Depression, Closure, Reissues

The Great Depression drove many record companies out of business. Paramount stopped recording in 1932, and closed down in 1935.

In 1948 the remains of the Paramount Records company were purchased from Wisconsin Chair Company by John Steiner, who revived the label for reissues of important historical Paramount recordings as well as new recordings of jazz and blues. In 1952, Steiner leased reissue rights to a newly-formed jazz label, Riverside Records, which reissued a substantial number of 10" and then 12" LPs by many of the blues singers in the Paramount catalog, as well as instrumental jazz by such Chicago-based notables as Jelly Roll Morton, King Oliver's Creole Jazz Band (which included a very young Louis Armstrong), Johnny Dodds, Muggsy Spanier, and Meade Lux Lewis. Riverside remained active until 1964.
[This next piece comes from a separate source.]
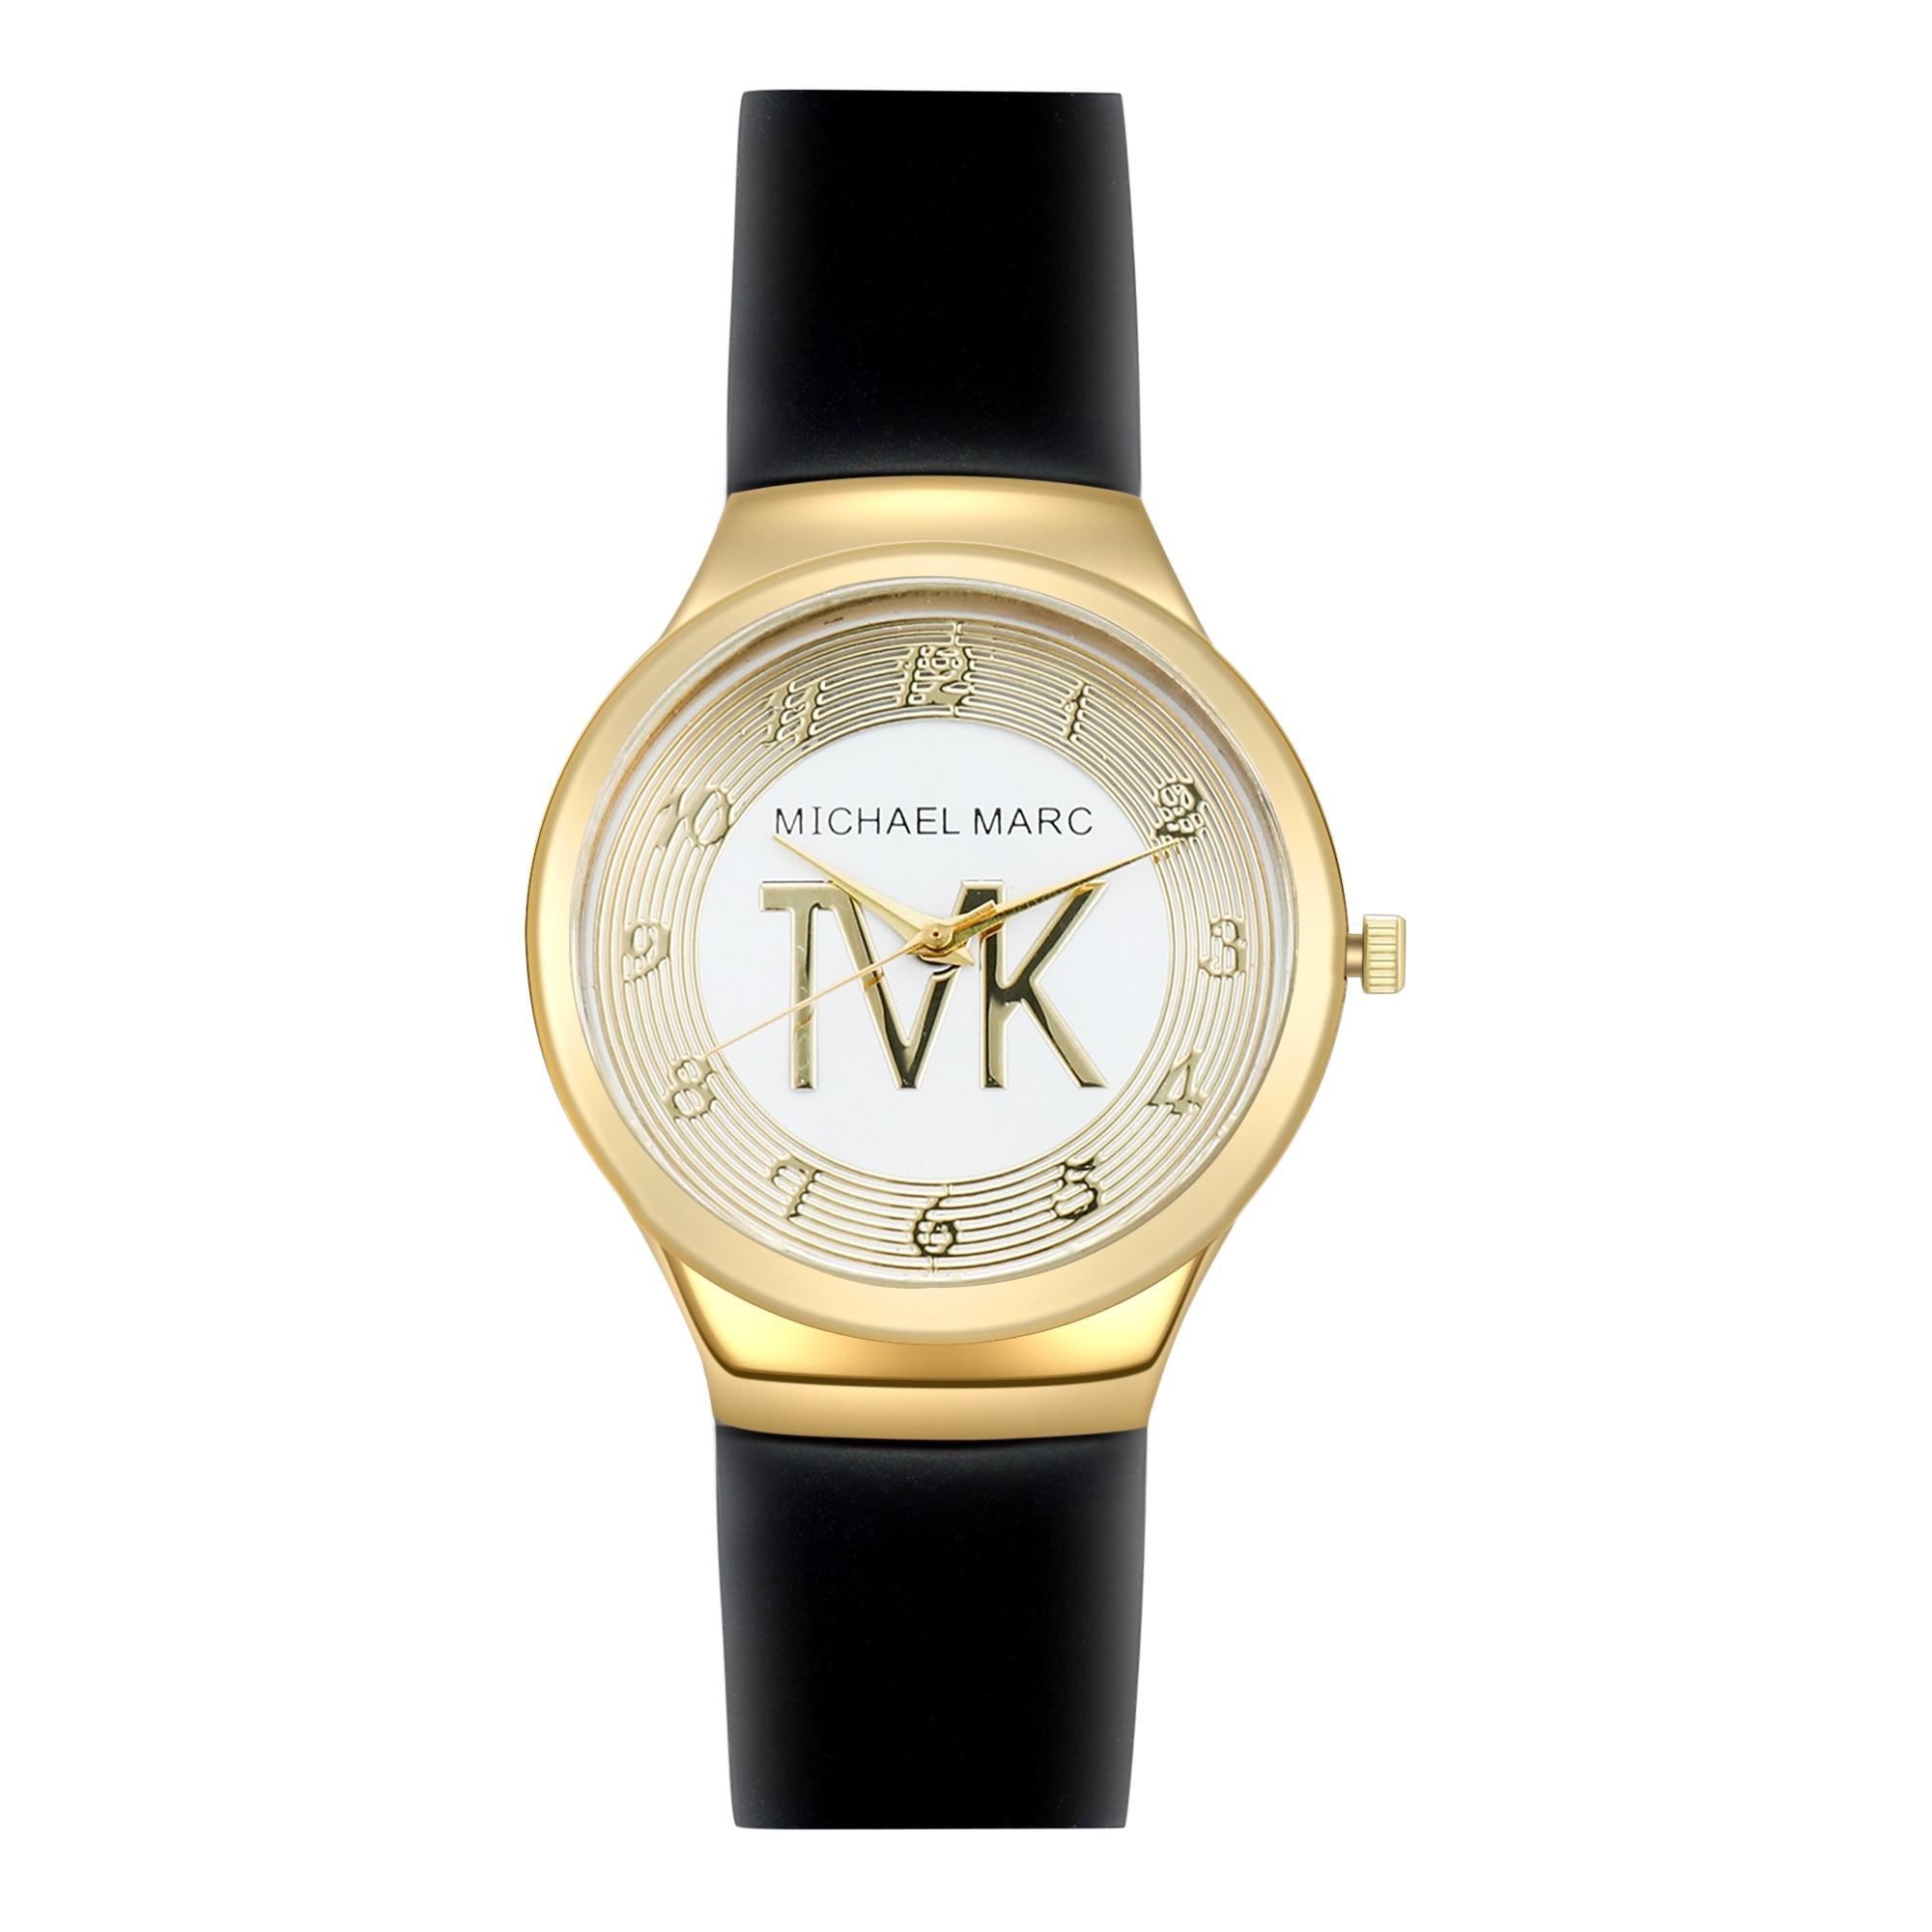 Hot Brand TVK Silicone Women Watches Relogios Femininos Quartz Watch Men Women Watches Bear Clock Relojes Hombre
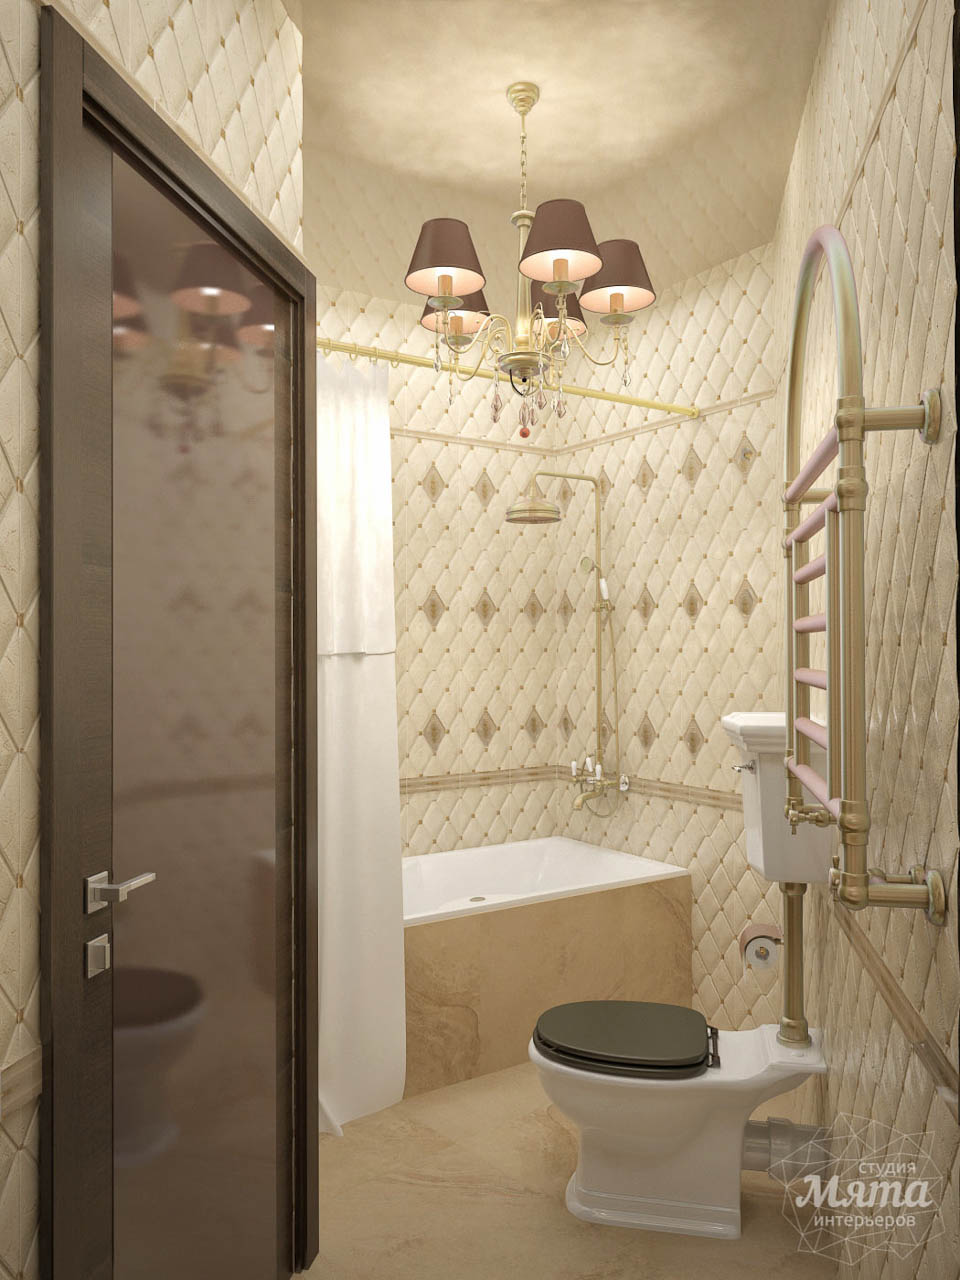 Дизайн интерьера и ремонт трехкомнатной квартиры по ул. 8 Марта 190 img1541597219

The rights to Paramount's back catalogue were next acquired by George H. Buck in 1970. Buck continues to reissue Paramount recordings as part of his Jazzology Records group, but use of the name "Paramount Records" was purchased from Buck by Paramount Pictures, a previously unconnected company.

As happened with a number of record companies in the Great Depression, the majority of Paramount's metal masters were sold for their scrap metal value. Some of the company's recordings were said to have been thrown into the Milwaukee River by disgruntled employees when the record company was closing down. In 2006 an episode of PBS television show History Detectives had local divers searching the river to try to find Paramount masters and unsold 78s, but they were unsuccessful.